Brief Description:
The code below is an implementation of a lock-free queue from C Concurrency in Action 2nd Edition. The queue uses a linked list as the underlying data structure and is implemented with split reference counting technology.
What confuses me is that there are multiple compare_exchange_strong in the code that use the acquire memory order, but I don't understand why this order is used.
For example, among all accesses to the count member of a node object (see below), there are no store operations with release order, but there are many compare_exchange_strong operations with acquire order.
For the complete code for this lock-free queue, my explanation of the code, and a detailed description of my problem, please read the full description section.
Full description:
I am reading the second edition of C Concurrency in Action by Anthony Williams. The book describes how to implement a lock-free queue using split reference counting technique. I'll start by briefly explaining how the code works based on my understanding to help you read the code quickly. The full implementation of this queue will be given later.
The implementation uses a singly linked list to implement the queue. The queue holds pointers to the head node and tail node of the linked list, which are head and tail in the code respectively, and tail points to a dummy node.
When pushing an element into the queue, we need to put the element value in the dummy node pointed to by tail, then add a dummy node after the node, and let tail point to the new dummy node.
When popping an element from the queue, we should pop the element pointed to by head, and then set head to head->next. When head and tail point to the same node (i.e. a dummy node), the queue is empty.
The code uses reference counting to manage the lifetime of deleted nodes. The reference count associated with a node is divided into two parts, the external reference count and the internal reference count. The external count plus the internal count is the full reference count value for that node. The external count is stored in the pointer to the node (i.e. counted_node_ptr in the code), while the internal count is stored inside the node object (i.e. count in the code).
In order to prevent the object pointed to by a thread from being deleted by another thread before dereferencing the pointer, the external counter must be incremented first to ensure that the node is not deleted. This is done by increase_external_count() in the code.

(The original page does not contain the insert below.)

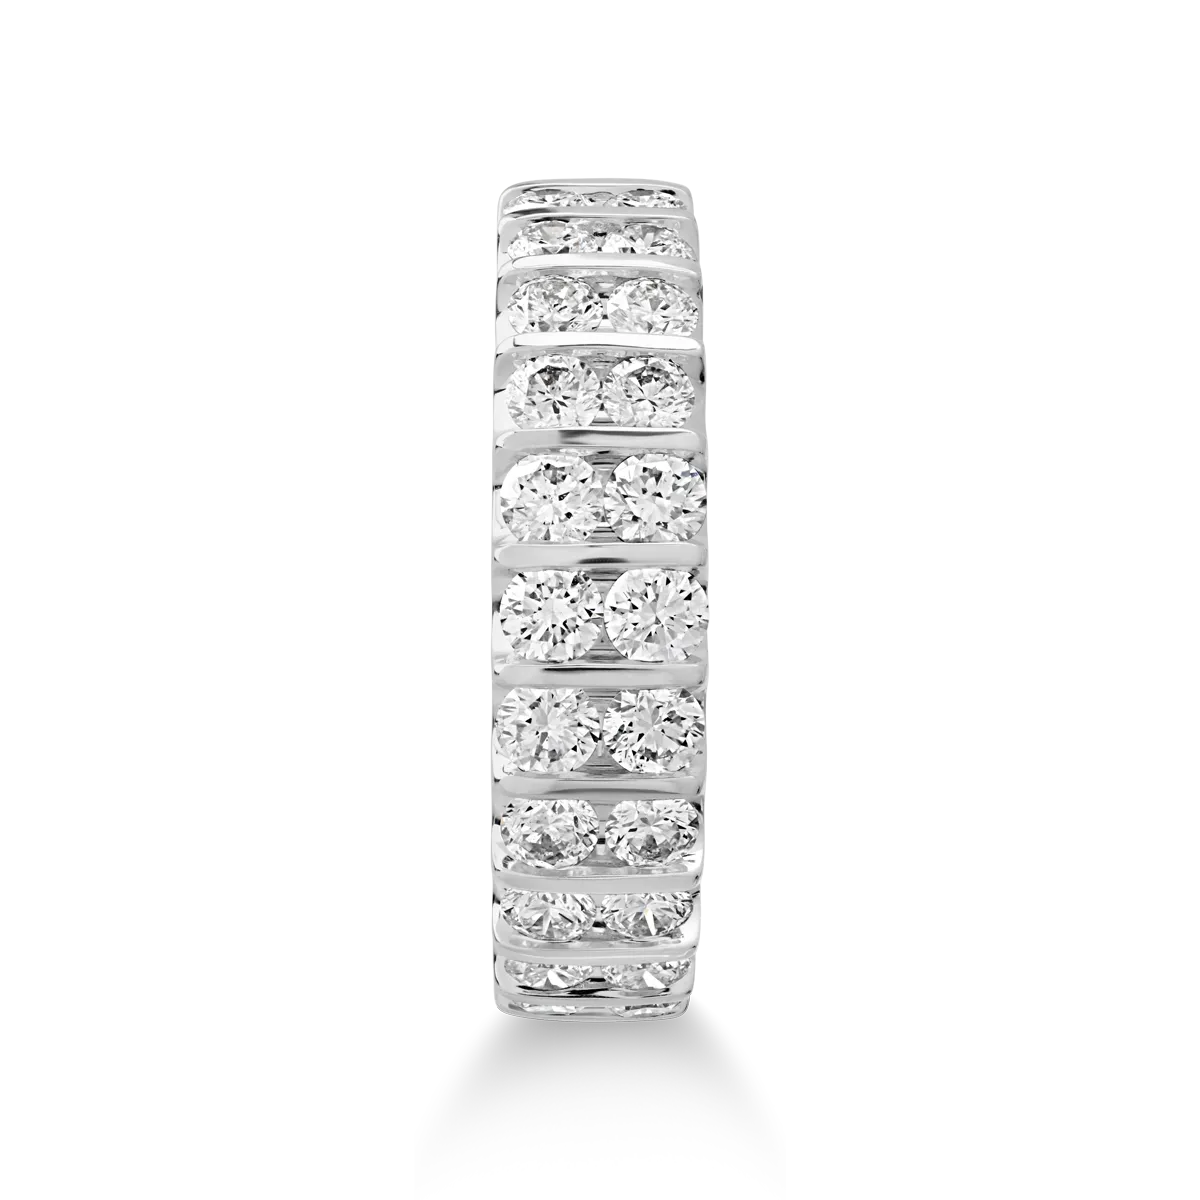 18 karátos fehérarany gyűrű 1.25 karátos gyémántokkal

When an external reference no longer refers to a node, the external count stored in it must be added to the node's internal count, which is done by free_external_counter(). The internal count is stored in count.internal_count in the node object. And count.external_counters represents the number of external references referencing this node. Because these external references each hold their own external counts, these counts must all be taken into account. The node can only be safely deleted if and only if the internal count is 0 and the number of the external counter is also 0.

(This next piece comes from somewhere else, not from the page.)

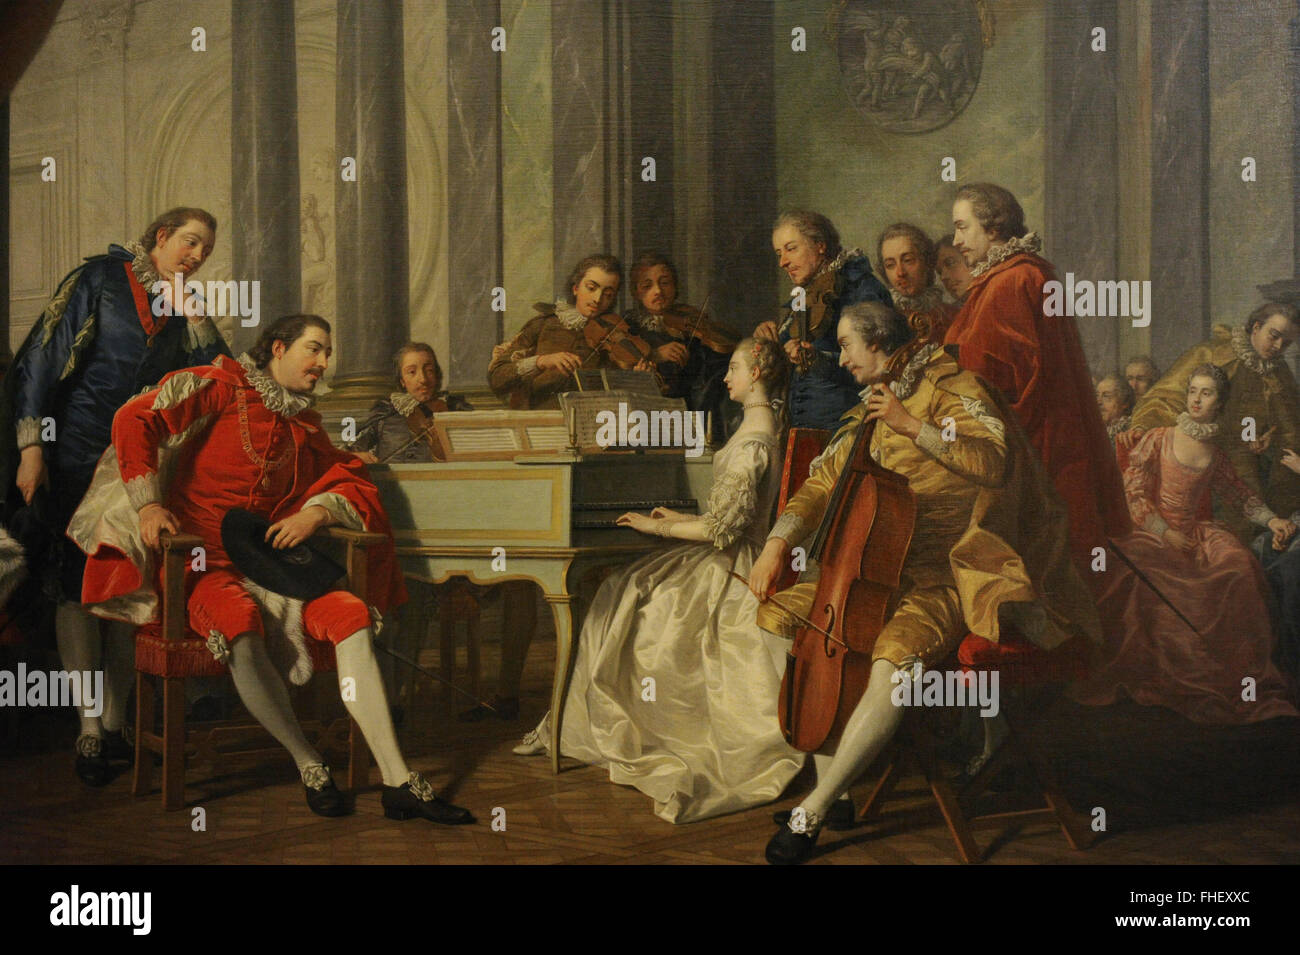 Louis Michel Vanloo (1707-1771). Le peintre français. Sextet (Espagnol), 1768 Concert. Le Musée de l'Ermitage. Saint Petersburg. La Russie. Banque D'Images

For references in pop that did not successfully point to the node being popped (usually because another thread has already popped it), those references are simply discarded, but their reference counts must be subtracted. This is done by release_ref(). This function decrements the internal count of the node by one. Every time the reference count is decremented, or the inner count and the external count are merged, a check is made to see if the condition for the node to be deleted is met.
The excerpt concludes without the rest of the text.